Bitcoin reclaimed the $71,000 level on Wednesday, its highest price since February 8, as risk assets rallied on headlines suggesting potential diplomatic movement involving Iran. The crypto market’s outsized response, however, appeared to be driven as much by positioning and derivatives dynamics as by macro news.
Macro catalyst lifts risk sentiment
A report circulated by market newsletter The Kobeissi Letter, citing The New York Times, said Iran had made a “secret” offer to the United States to negotiate an end to the war, including potential limits on ballistic missile and nuclear programs and reduced support for proxy groups. The feasibility of any agreement remained unclear, but the headline coincided with a swift risk-on move across U.S. equity futures and Bitcoin.
While the macro development provided an immediate spark, Bitcoin’s rally outpaced moves in stocks and gold, underscoring the role of crypto-specific market structure.
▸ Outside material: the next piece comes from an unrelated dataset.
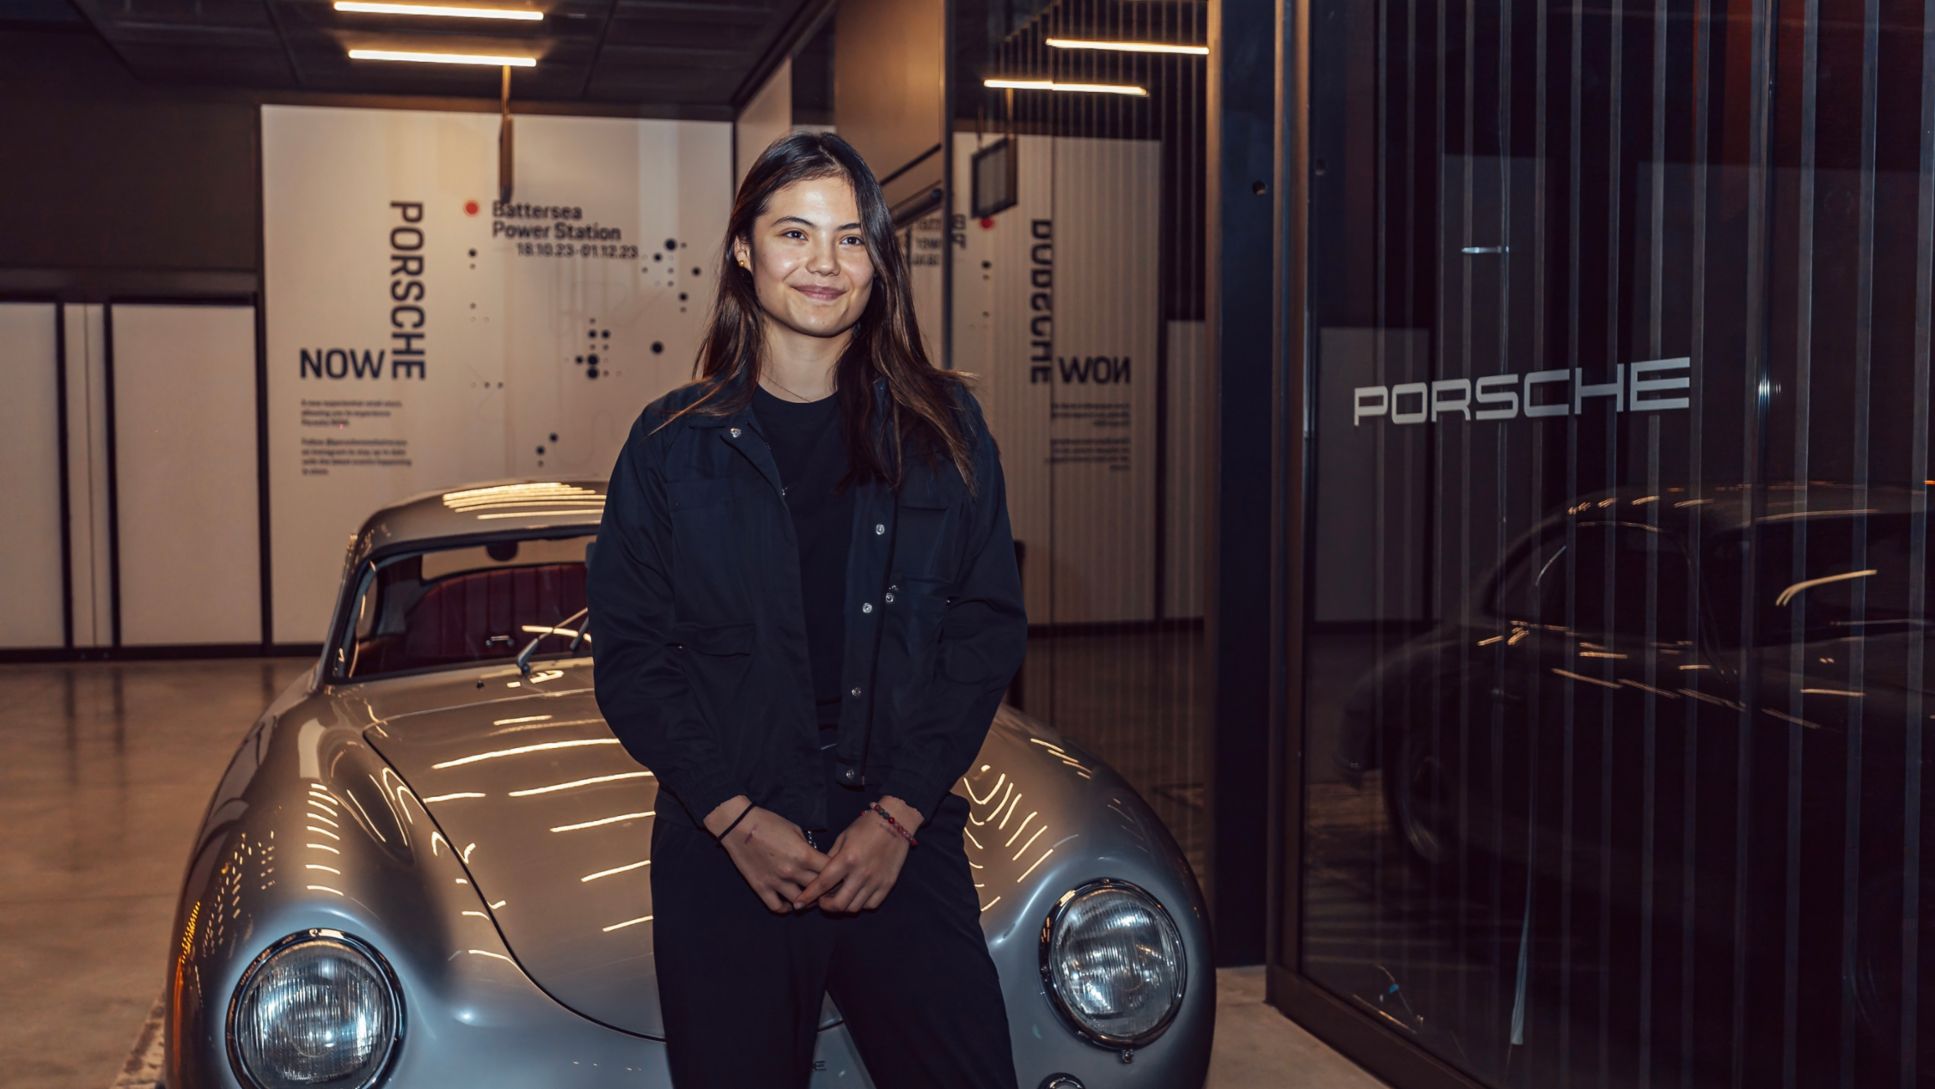 Porsche-Markenbotschafterin Emma Raducanu, Porsche NOW Brand Store, London, 2023, Porsche AG

Oversold conditions and lighter institutional positioning
Vetle Lunde, head of research at K33 Research, said Bitcoin entered the week “heavily oversold, heavily shorted, and significantly underowned” after months of weakness. He noted BTC had fallen roughly 50% over five consecutive months, with the weekly relative strength index dropping to one of its lowest readings on record—conditions that historically precede sharp reversals.
Lunde added that institutional exposure had already been pared back. U.S.-listed spot Bitcoin ETFs had seen cumulative outflows approaching 100,000 BTC, while notional open interest in CME Bitcoin futures was down about 30% from October levels. With many macro-oriented investors already reduced, Bitcoin’s correlation to traditional risk trades may have been looser into this week’s headlines.
Derivatives-driven squeeze accelerates the move
Inside derivatives, funding rates in perpetual futures had been unusually subdued, with traders paying to stay short for much of February—an atypical setup for an asset that tends to carry a long bias. According to Lunde, such regimes often appear near bottoms and reflect overcrowded positioning and sell-side exhaustion.
As prices turned higher, positioning flipped quickly. Binance BTCUSDT perpetual open interest rose by 7,547 BTC within four hours—an uptick Lunde said had not been seen on a comparable 4-hour basis since 2023—pointing to a rapid derivatives-led repositioning.
Market contributor Darkfost highlighted corroborating signs: Bitcoin’s break back above $70,000 coincided with five consecutive days of net inflows into spot Bitcoin ETFs and a clear shift toward aggressive buying in futures. On Binance, the BTC Taker Buy/Sell Ratio reached 1.18, its highest reading of the year, while taker buy volume topped $1 billion per hour multiple times during the session. Together, these indicators suggest buyers moved from absorbing supply to dictating short-term price action.
Price levels
Bitcoin last traded around $70,851 at press time, according to TradingView data. Despite the rebound, geopolitical risk remains elevated, and market participants continue to monitor both macro headlines and positioning signals for follow-through.